Two Clintons one too many for some

ByABC News
January 23, 2008, 1:05 AM

GREENVILLE, S.C. -- In 1992, when he was running for president, Bill Clinton bragged that his brainy lawyer wife would give voters "two for the price of one." This year, Hillary Rodham Clinton's chief rival for the presidential nomination says that's precisely the problem he faces in the campaign.

As Barack Obama continued Tuesday to charge that the Clintons are ganging up to distort his record, Bill Clinton was back in one of his favorite places the campaign trail and clearly relishing the encore.

"I love this election," Clinton told a crowd of about 250 at the Allen Temple AME Church here, one day after a debate in which he was one of the chief topics in a heated discussion between his wife and Obama. "It's exciting."

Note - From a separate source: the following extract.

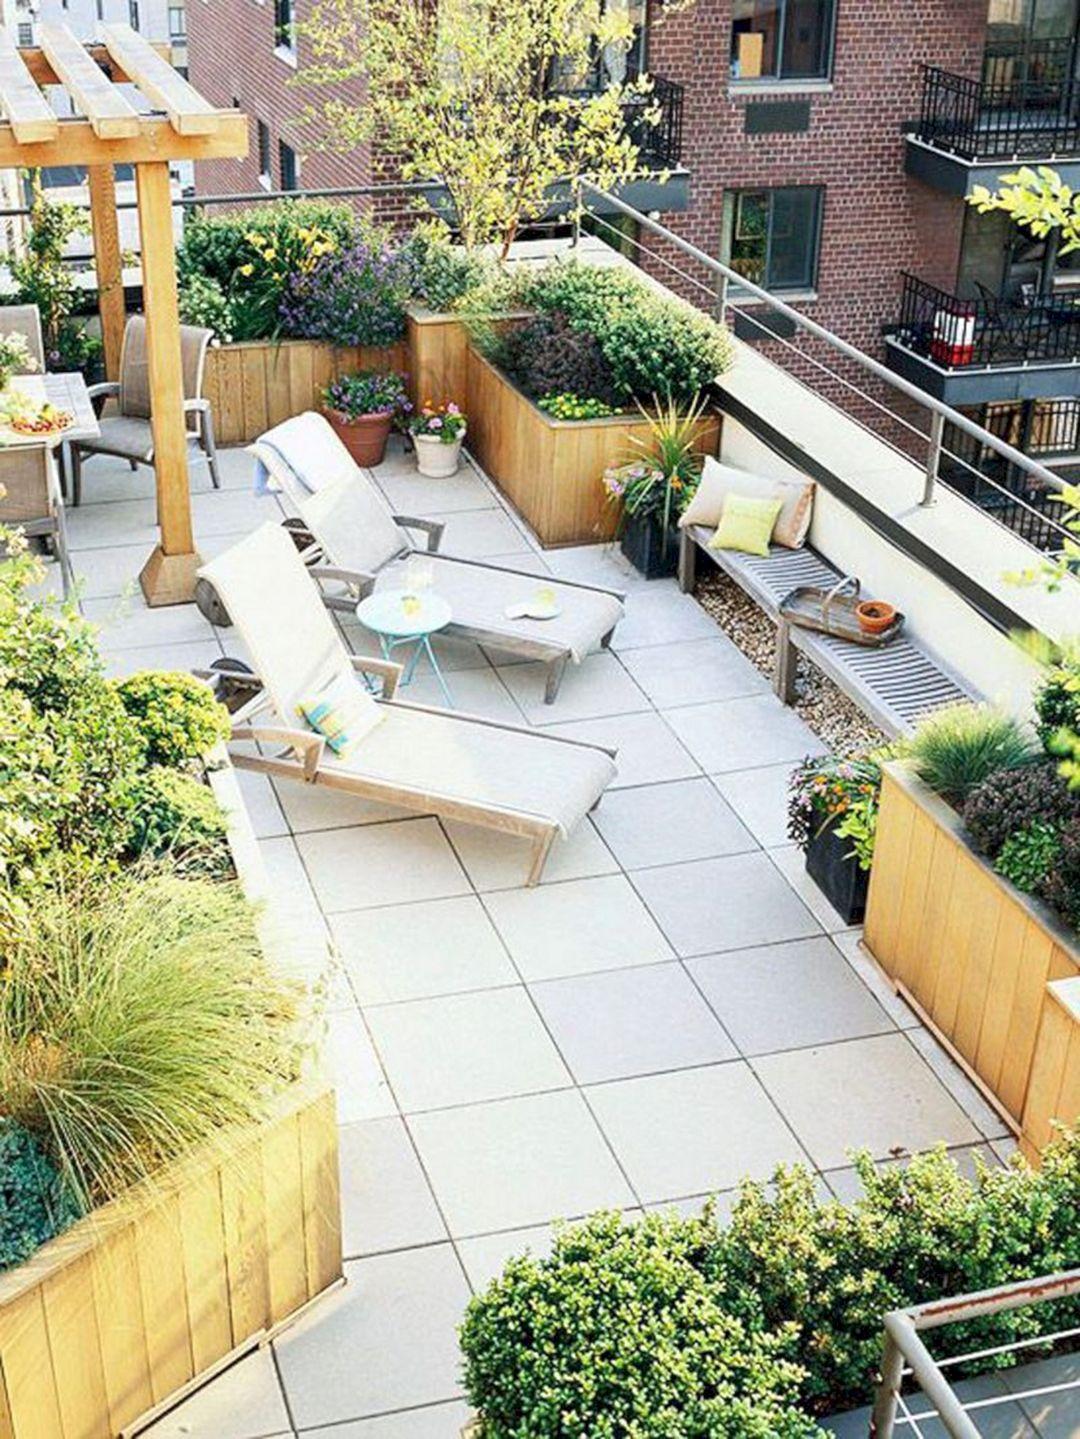 12+ Beautiful Home Terrace Garden Ideas That Will Make You More Comfortable Relaxing

Not all Democrats are as enthused about Clinton's unusual role in the midst of a heated Democratic primary. "It's not presidential," complained former Senate Democratic leader Tom Daschle, who supports Obama. This week, House Democratic Whip James Clyburn advised Clinton to "chill."

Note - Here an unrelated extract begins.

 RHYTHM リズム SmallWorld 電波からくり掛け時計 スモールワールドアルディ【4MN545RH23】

State Rep. Gilda Cobb-Hunter, officially neutral in the race, said Clinton "crossed the line" for some black voters here with his critiques of Obama, the Senate's only African-American.

"Why doesn't he go sit down?" Cobb-Hunter said of the former president in a telephone interview. "It's like he doesn't want to let go. It's kind of sad. Bless his heart. He wants to remain the center of attention."

Chief campaigner

Far from keeping the former president off the hustings, Hillary Clinton's campaign has picked up his pace. As the New York senator left South Carolina to make campaign appearances in states that will hold contests Feb. 5, her husband arrived to serve as his wife's surrogate in chief.

Even as he spoke here, at an event hastily organized overnight, aides scurried to set up a schedule that will take him to the state's coastal areas today. Hillary Clinton is not due back in South Carolina until Thursday, two days before the Democratic primary.

In Washington, she blamed the debate's fireworks on Obama, who she said is "frustrated" by losing the past two nominating contests in New Hampshire and Nevada. "He clearly came looking for a fight," she said.